Второй сокамерник, Фарид, сперва представился как Федя – так его звали в многочисленных русских тюрьмах и зонах, где он успел побывать. О своём деле он не распространялся, но от Муртазы Олег узнал, что у него целый букет статей: и квартирные кражи, и грабежи, и мошенничество. Он был коренаст, жилист, по утрам отжимался на кулаках от пола, а на прогулках по тюремному двору обливался водой. У него была слишком широкая золотозубая улыбка на худом смуглом лице, чтобы ей можно было доверять: Муртаза предупредил Олега, чтобы не садился играть с ним в карты – обманет в два счёта и разденет догола. Поэтому на все предложения Фарида «перекинуться» Печигин отвечал отказом, и тот вынужден был от скуки резаться сам с собой. Сидя по-турецки на нарах, он сдавал на двоих и по очереди играл за каждого. Бормоча себе под нос, иногда начинал с собой ссориться, уличал себя в жульничестве, хватал одной рукой другую, в ярости кидал карты, отказываясь играть, потом всё-таки уговаривал себя продолжать и возобновлял игру до следующей ссоры.

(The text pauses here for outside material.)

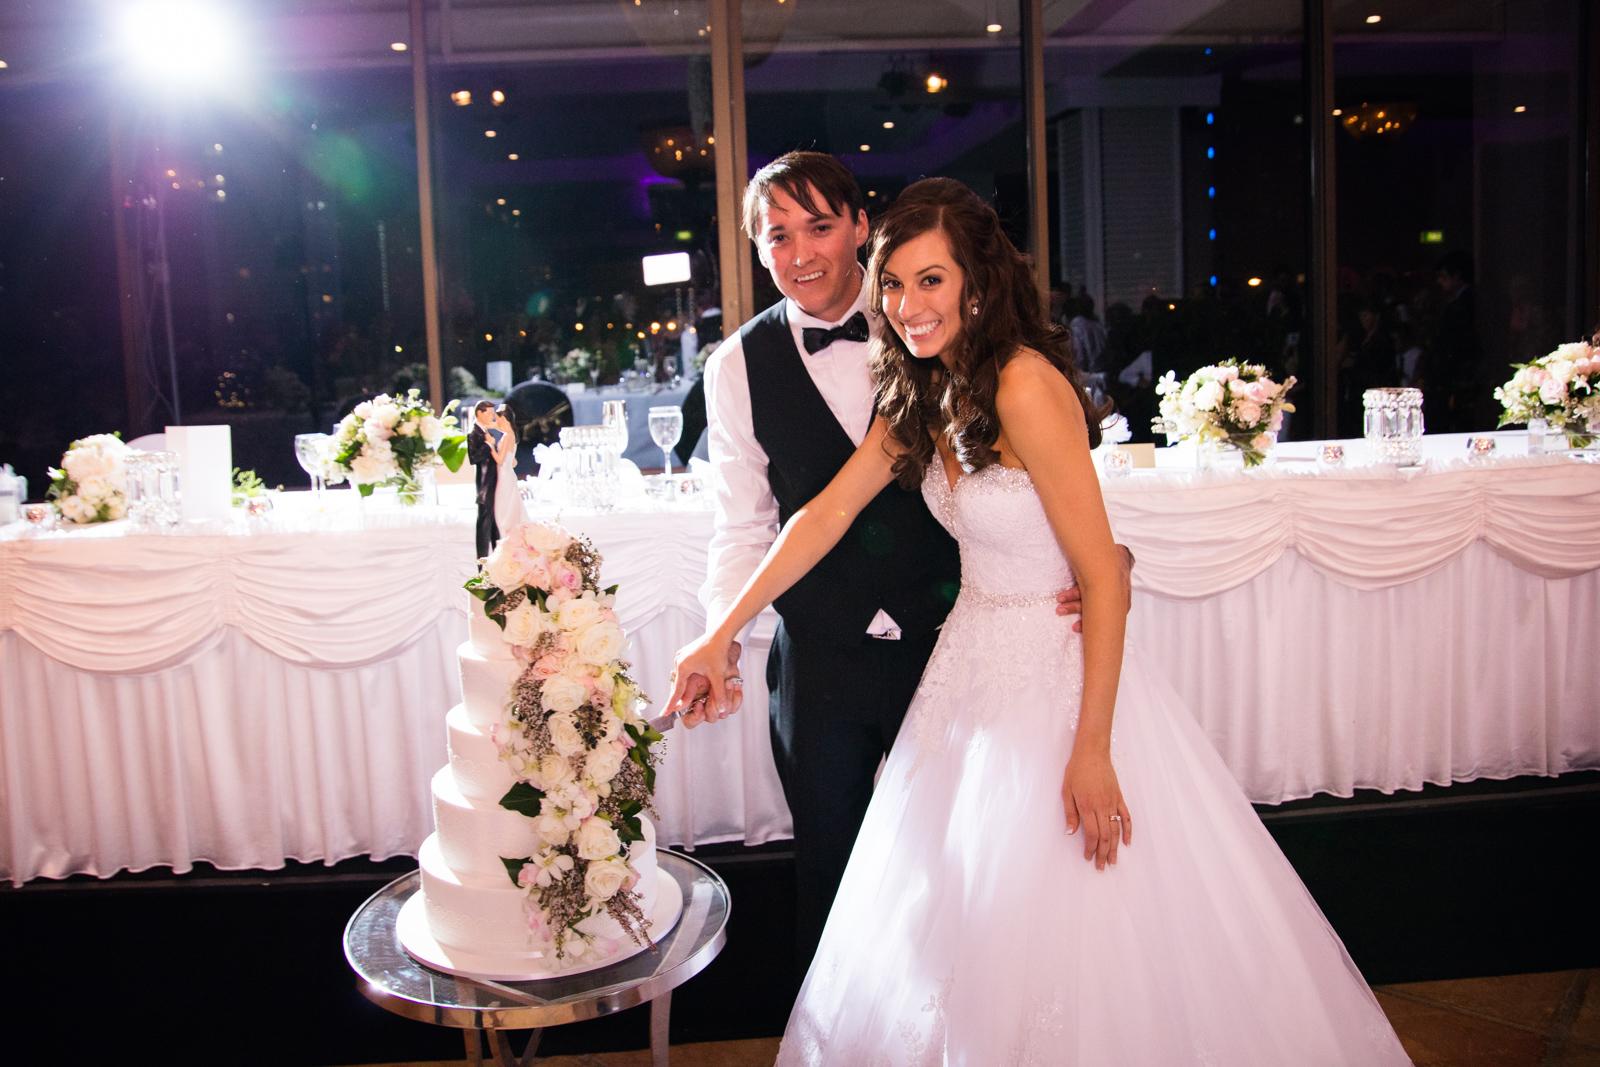 Tory & Bianca's Wedding cake

Муртаза убивал время, читая и перечитывая «СПИД-Инфо», одну из немногих русских газет, продававшихся в Коштырбастане. В тюрьме её, так же как терьяк, насвай и водку, можно было купить у надзирателей. Вся стена над его нарами была заклеена фотографиями грудастых баб, вырезанных из газеты. Коштырская версия «СПИД-Инфо» тоже предлагалась надзирателями, но масляно улыбающиеся коштырки почему-то волновали Муртазу гораздо меньше, он всегда брал русскую газету и спрашивал потом у Печигина значение незнакомых ему слов.

– Аутоэротизм – это как? В автомобиле, что ли?

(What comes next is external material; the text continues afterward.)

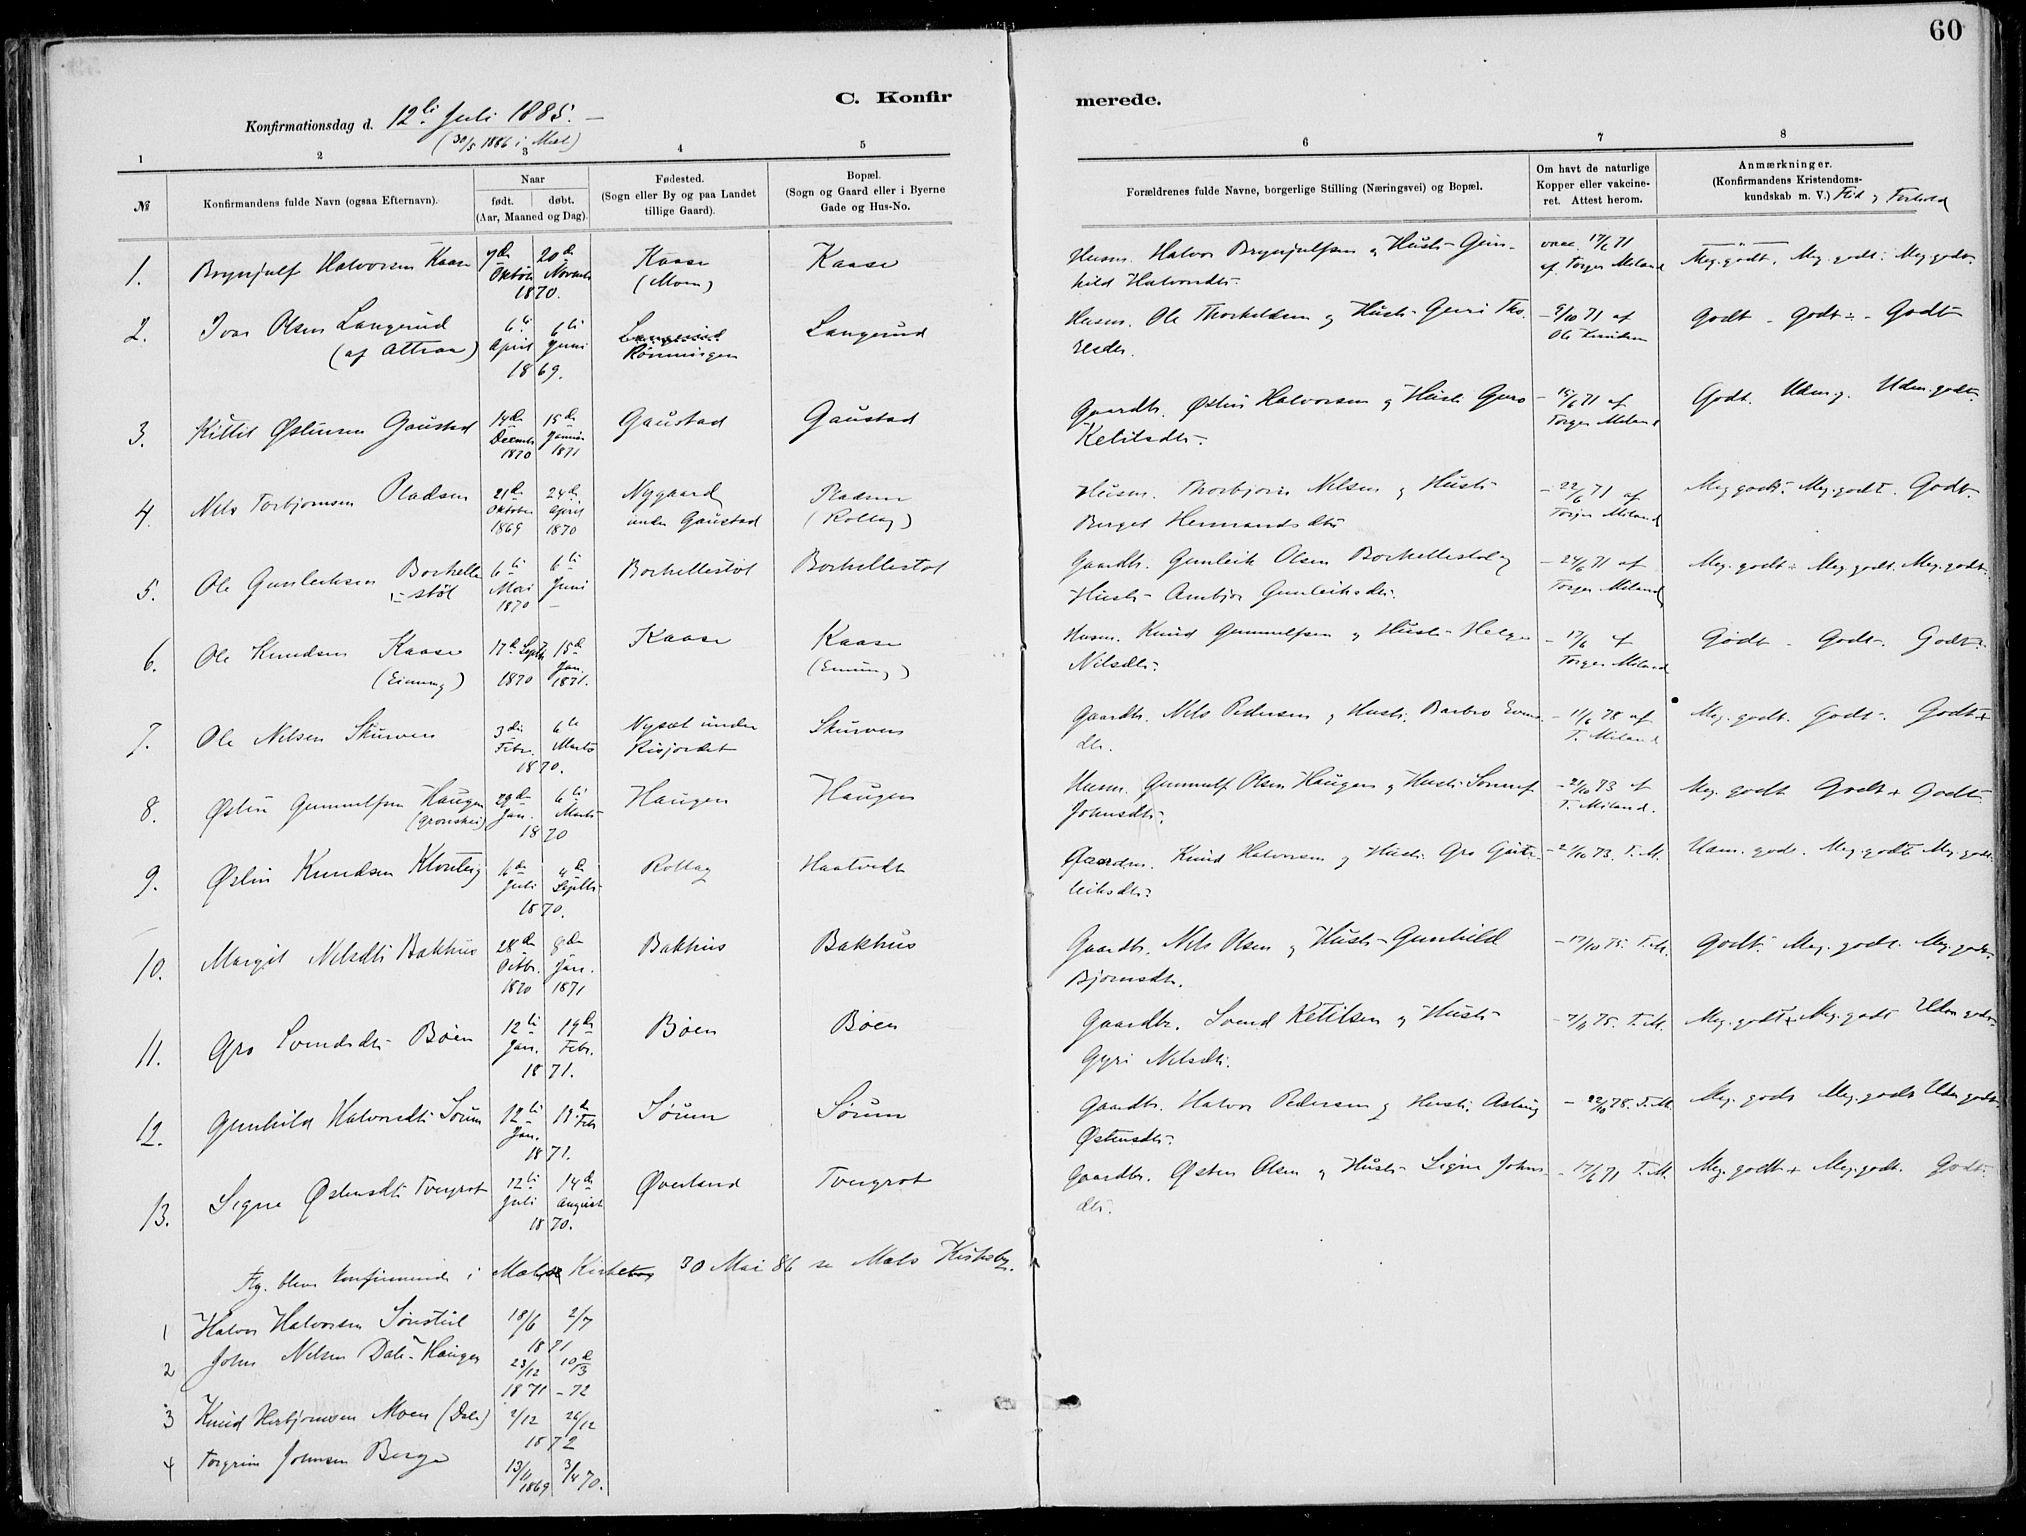 SAKO, Rjukan kirkebøker, F/Fa/L0001: Ministerialbok nr. 1, 1878-1912, s. 60

Хуже всего было то, что особенно понравившиеся статьи он с энтузиазмом читал вслух, и заставить его замолчать было очень трудно. Хотя говорил по-русски Муртаза вполне сносно, читал он, страшно коверкая слова, путая ударения, то и дело прерываясь, чтобы отсмеяться восхищённым самозабвенным смехом. От этого смеха на Олега наваливалась неподъёмная плита тоски, в которой желание убить Муртазу успокаивалось только мыслью, что тому, вполне возможно, так и так светит высшая мера.

А что светит ему, Печигину? Неужели его действительно будут судить за убийство президента? Тогда вероятность получить высшую меру для него куда больше, чем для Муртазы. Но ведь это немыслимо, невозможно! У него же и в мыслях ничего подобного не было! И тут же Олегу вспомнился Касымов с его любимым: «Коштырбастан – страна, где нет невозможного».

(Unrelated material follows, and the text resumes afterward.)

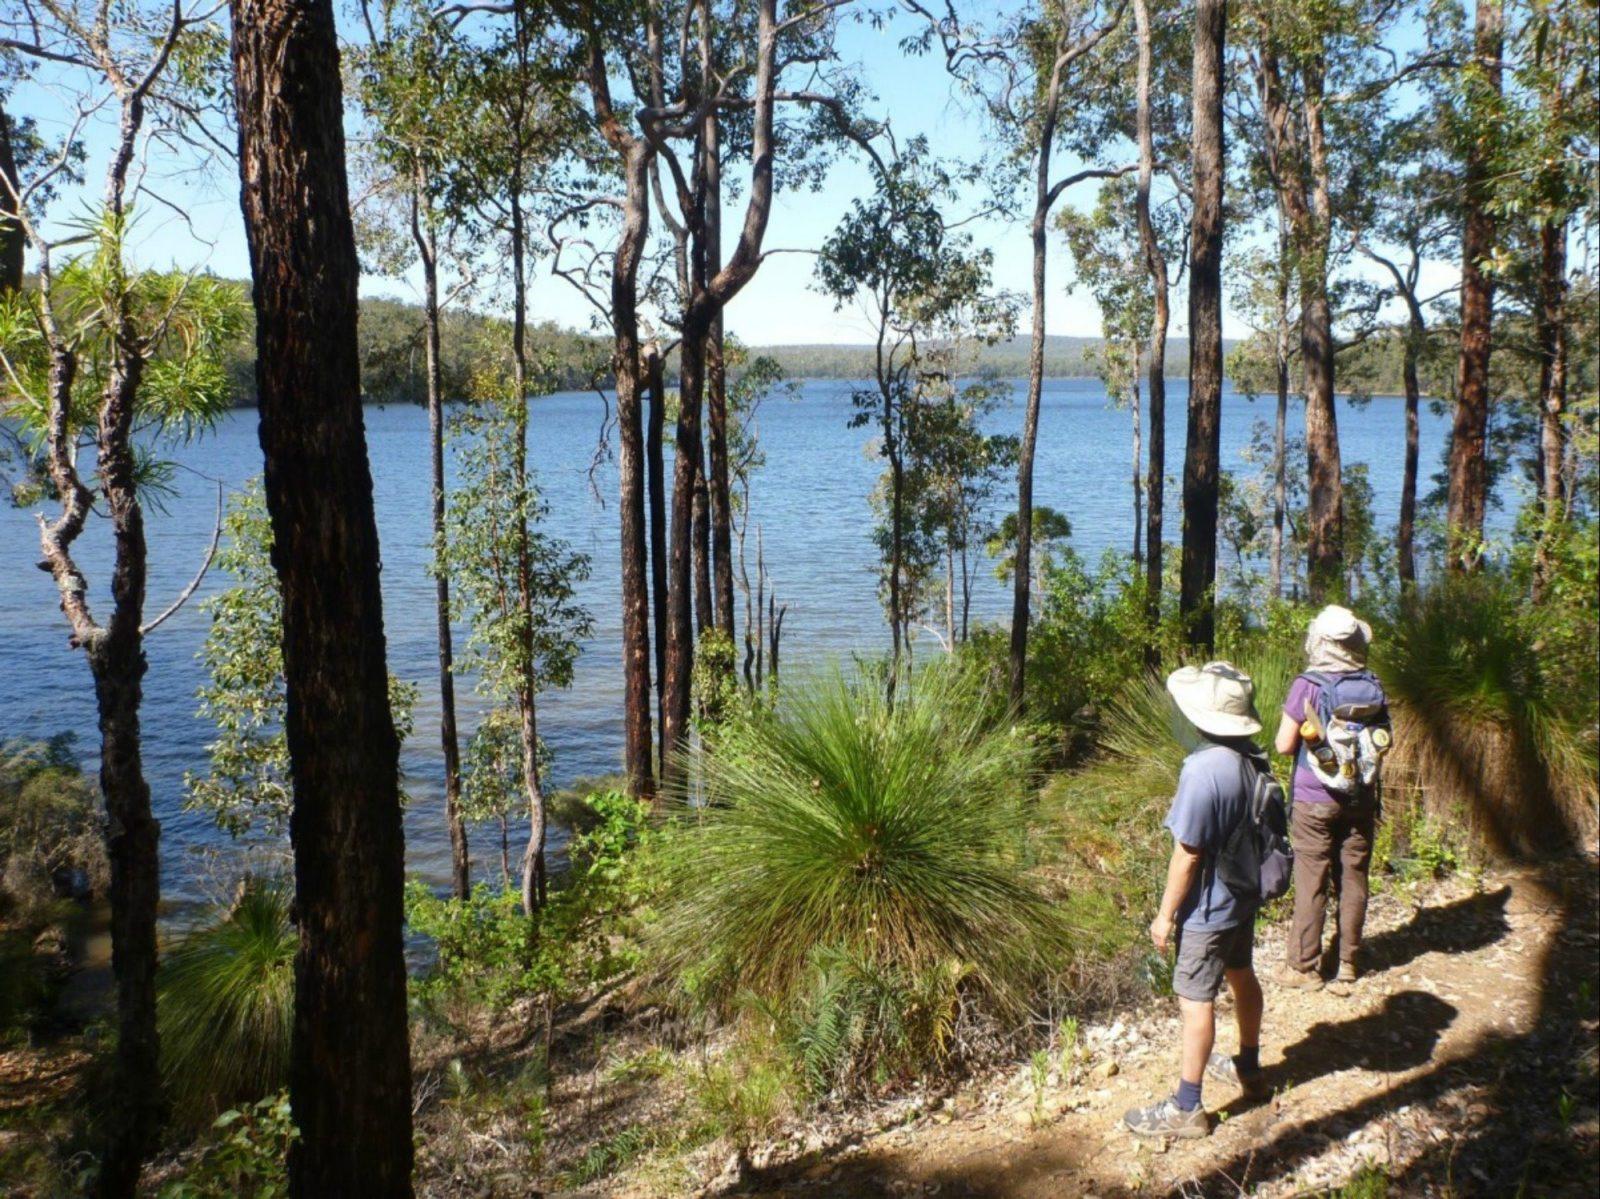 Wellington Discovery Forest, Bunbury, Western Australia

Теперь вся надежда на Тимура, на его связи. И в первую очередь на Алишера, который должен сказать следствию, что Печигин никакого отношения к случившемуся не имеет, ни о каком заговоре, если он вообще был, не подозревал, всё, на что он согласился, это передать послание – за это же они его не расстреляют?!!

Но уже на следующей встрече со следователем Олег узнал, что надежды на Алишера нет. Потому что его самого больше нет. У него был припасен яд, он раскусил ампулу сразу после того, как выстрелил в президента. Яд был сильный, Алишер умер быстро, ускользнув таким образом от наказания.

– Смерть непосредственного исполнителя, – флегматично сказал следователь, – существенная утрата, но она не помешает ходу расследования. Большинство его соучастников уже арестованы и даёт признательные показания. Вам стоило бы взять с них пример. Только сотрудничество со следствием может облегчить вашу участь.

Последние слова прозвучали так, будто участь Печигина уже решена.

– Но мне не в чем признаваться…

Олег рассказал всю историю своих отношений с Алишером от знакомства в поезде до просьбы передать послание оппозиции и объяснил, как мог, почему согласился. Следователь старательно всё записал, шевеля при этом губами, точно повторял про себя за Печигиным его слова, и, ни о чём больше не спросив, дал Олегу подписать протокол. Похоже было, что его задача состоит только в регистрации показаний, тогда как основные следственные мероприятия выпадают на долю той троицы, что отбила Олегу пятки и разукрасила его всего синяками. На этот раз обошлось без встречи с ними, Печигин был доволен уже и этим, ковыляя в сопровождении надзирателя обратно в камеру.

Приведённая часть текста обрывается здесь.